**Exercise goal**
The task for the listing below is to write out exactly the lines starting at the one containing "[New] Birthday Party: Junkyard" and ending at the one containing "Los 'tips' de", both included. Pictures are to be omitted.

**Input records**

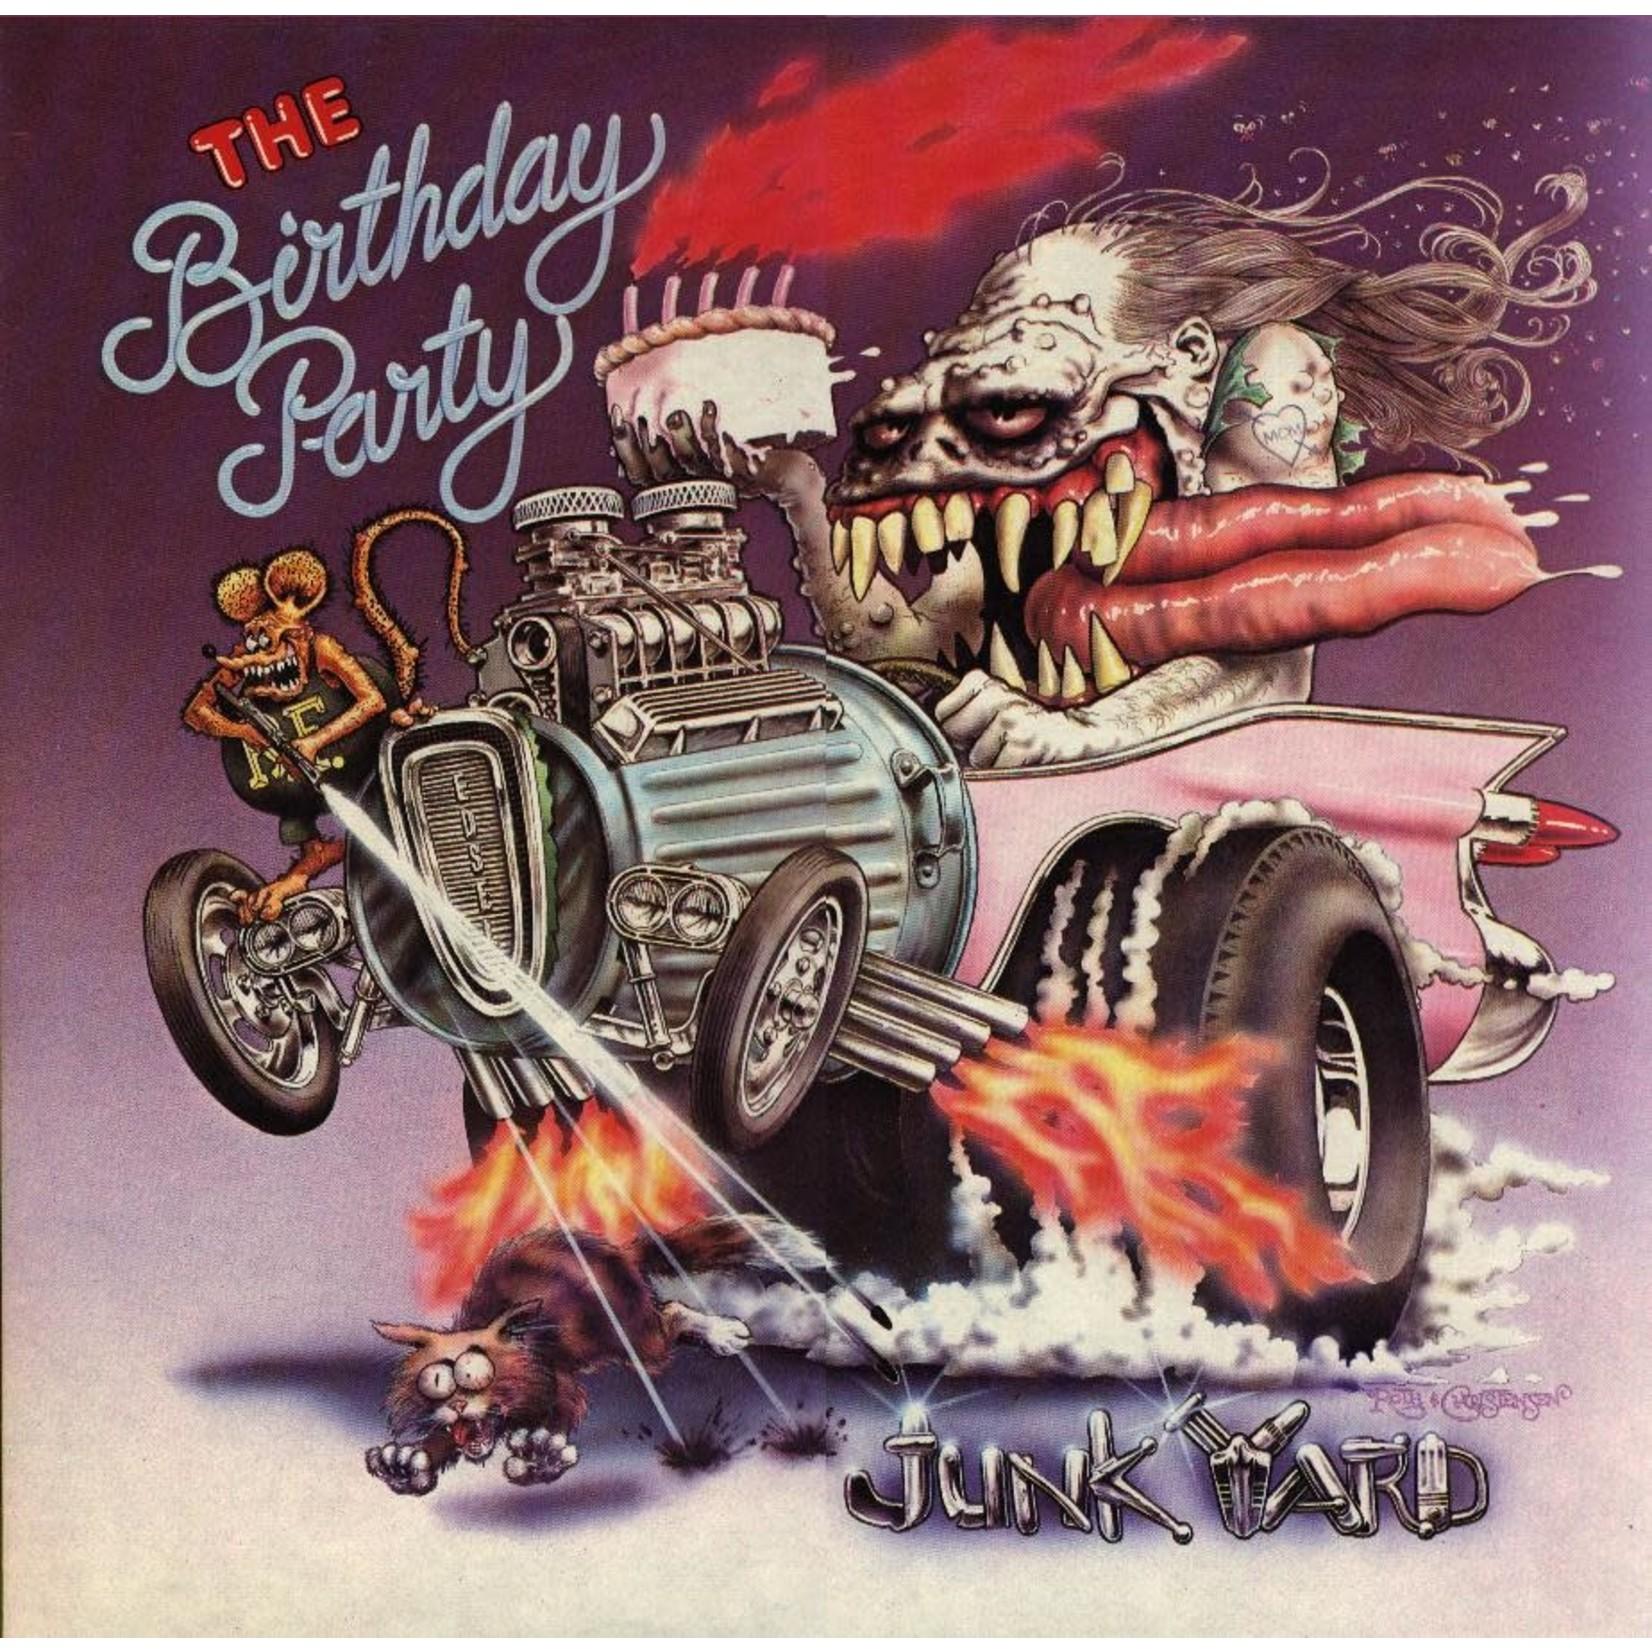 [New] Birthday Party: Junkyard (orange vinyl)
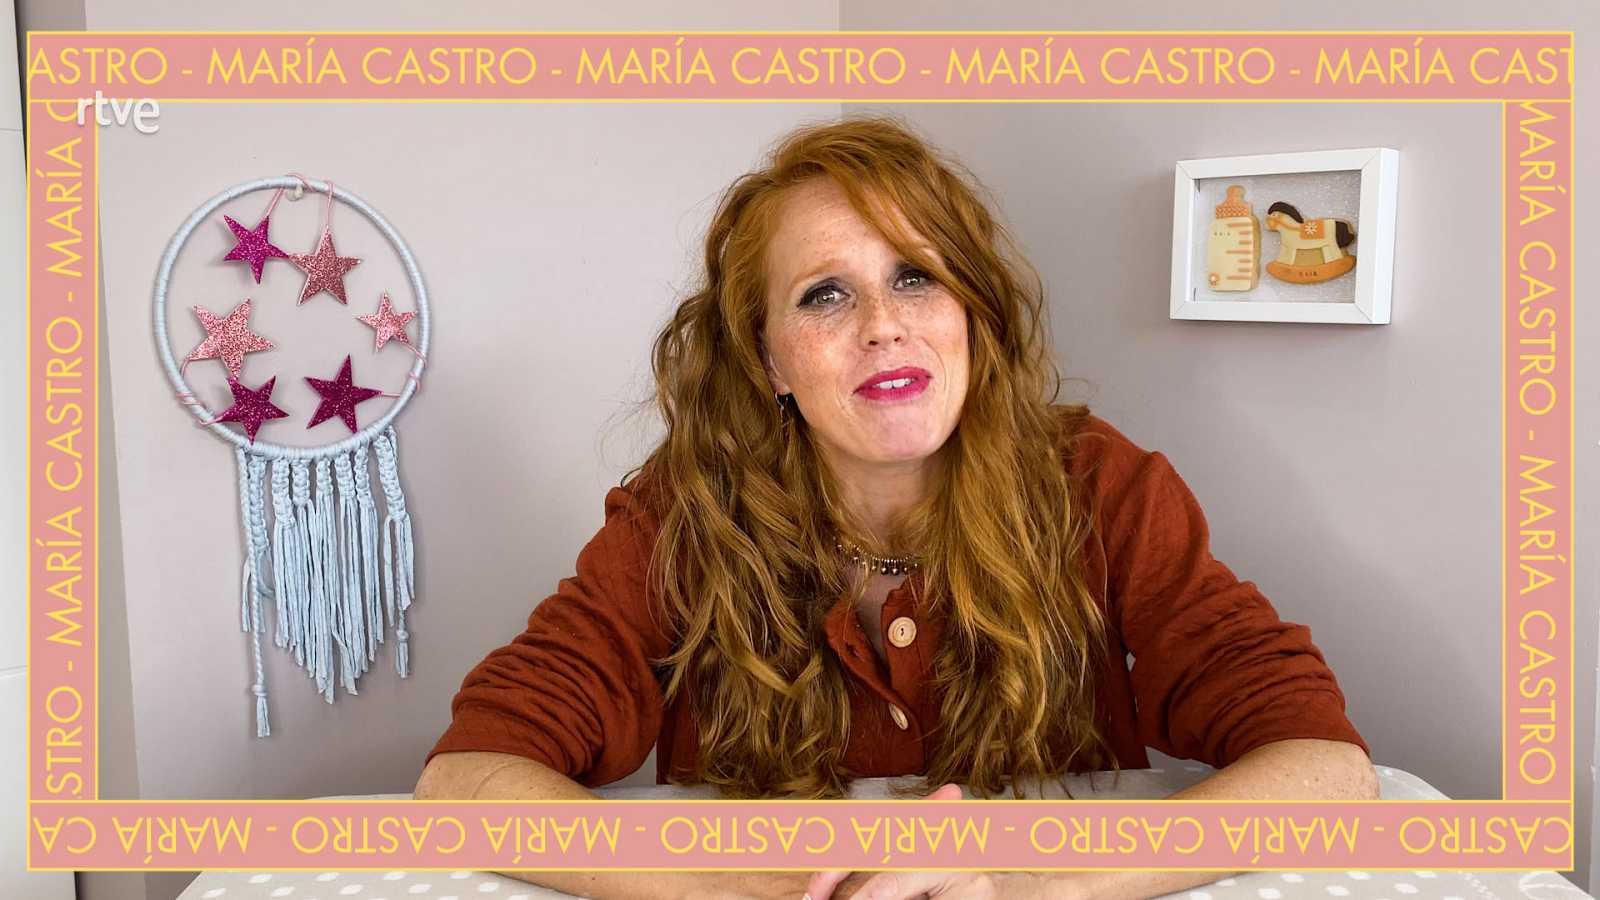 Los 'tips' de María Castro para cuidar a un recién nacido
...
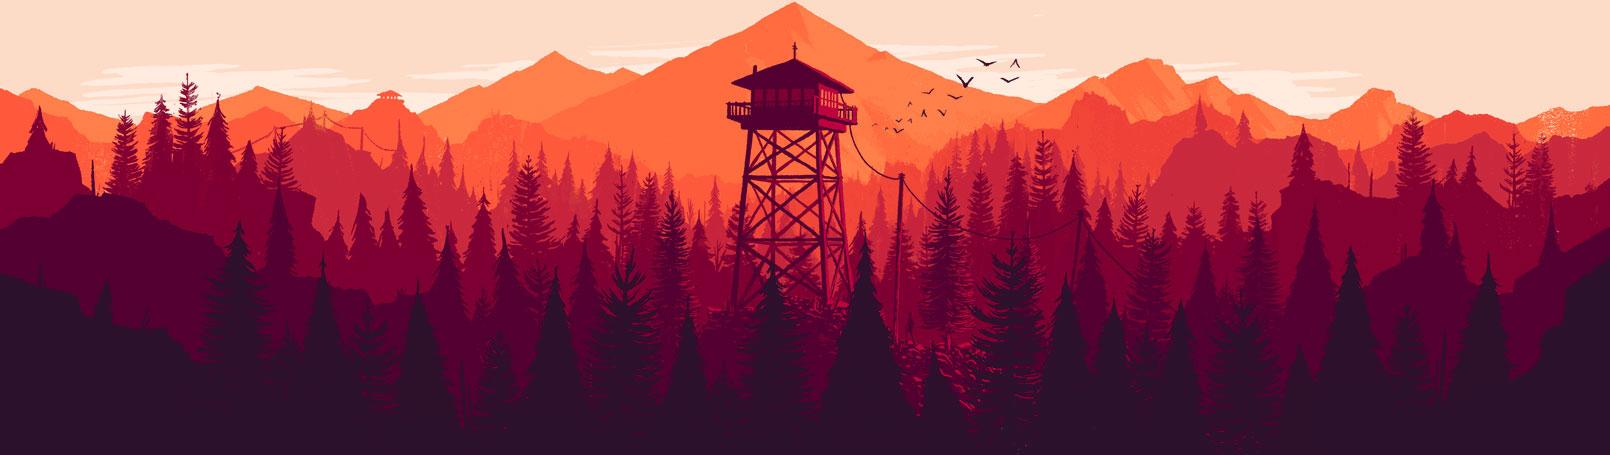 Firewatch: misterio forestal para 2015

**Response to the task**
 [New] Birthday Party: Junkyard (orange vinyl)
 Los 'tips' de María Castro para cuidar a un recién nacido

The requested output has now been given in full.